Terkait dengan penerapan kepemimpinan dia menyarankan perusahaan melakukan pendekatan humanis tanpa melupakan target-target dari perusahaan. Dalam etika kerja, jika tak sesuai dengan budaya organisasi, senior tetap memberikan supervisi. “Pemberian saran dan rekomendasi bagi pekerja gen Z harus jelas namun konstruktif.”
Kesejahteraan fisik dan psikis juga perlu diperhatikan. Tia menekankan pentingnya perusahaan memberikan program dan fasilitas kesehatan mental. “Kalau mau bikin program kesejahteraan mental seperti healing-healing atau jalan-jalan kecil,” ujarnya.

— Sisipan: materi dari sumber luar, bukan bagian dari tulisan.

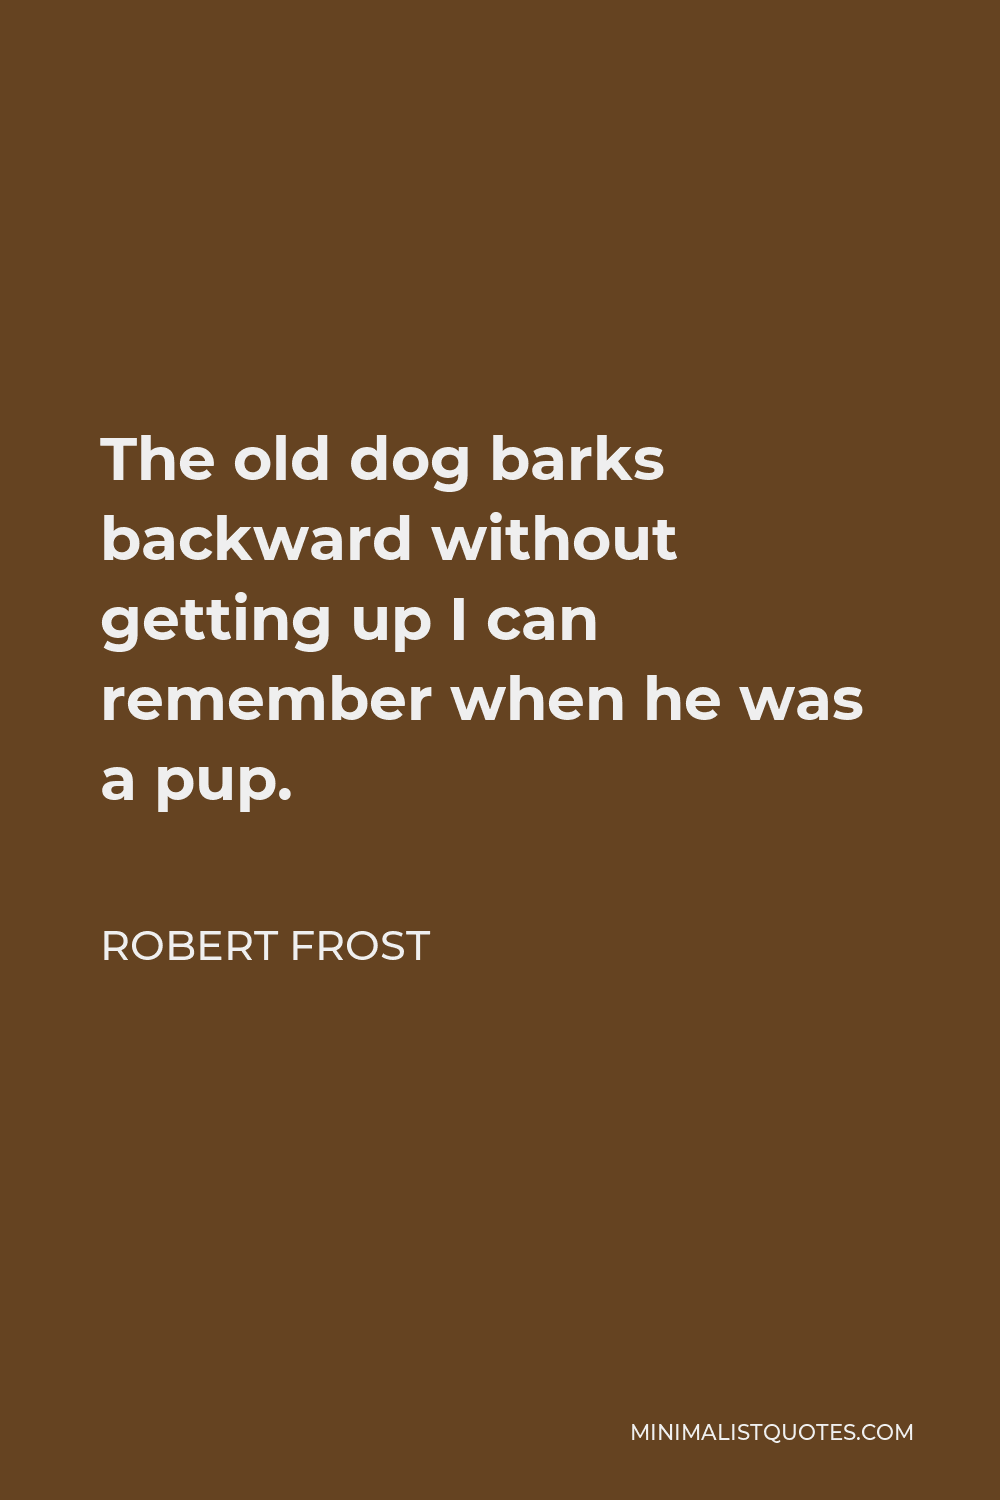 Robert Frost Quote - The old dog barks backward without getting up I can remember when he was a pup.

Ketua Asosiasi Pengusaha Indonesia (Apindo) Bidang Ketenagakerjaan Bob Azam mengatakan generasi Z punya potensi besar di dunia kerja. Karena posisi mereka yang strategis selaku konsumen sekaligus produsen. Sebagai konsumen mereka menentukan tren produk ke depan. Selaku produsen mereka punya hasrat sendiri untuk bekerja di bidang yg mereka inginkan. “Sangat penting libatkan kreatifitas gen Z, apa lagi Indonesia punya bonus demografi yang diisi gen Z.”
Negara maju menurut dia tak banyak memiliki angkatan muda atau gen Z seperti Indonesia. Dengan memanfaatkan kreatifitas gen Z, Bob yakin Indonesia mampu menciptakan tren produk seperti fesyen dan consumers goods.
Cara ini juga dimanfaatkan oleh PT Astra International Tbk. Produsen otomotif ini memperkirakan pasar dalam negeri akan didominasi oleh generasi milenial dan dan gen Z dalam jangka panjang. Head of Brand Communications Astra, Yudha Prasetya, mengatakan pengguna otomotif saat ini mungkin lebih banyak berasal dari generasi yang lebih tua. Namun dalam waktu mendatang, perusahaan milenial dan gen Z sebagai konsumer potensial.
Yudha menceritakan pengalaman kantornya ketika merekrut karyawan gen Z. Ketika anak muda ini telah menemukan pekerjaan yang sesuai dengan passion, mereka akan bekerja dengan sangat antusias dan serius. Gen Z kata dia akan terus mengulik hal-hal yang sedang digelutinya.
Namun, keseriusan itu harus menyesuaikan dengan minat mereka. Perusahaan tak bisa langsung mengatur mereka secara satu arah untuk melaksanakan berbagai pekerjaan.
Agar tetap relevan dengan pasar, Yudha mengatakan perusahaan justru harus mengubah cara pandang dan pendekatan. “Pendekatannya beda. Enggak bisa gen Z dipaksa, katanya mereka lemah. Mungkin pendekatannya yang salah,” kata dia.
Adil Al Hasan dan Han Revanda berkontribusi dalam penulisan artikel ini.
Artikel ini merupakan bagian dari jurnalisme konstruktif yang didukung International Media Support.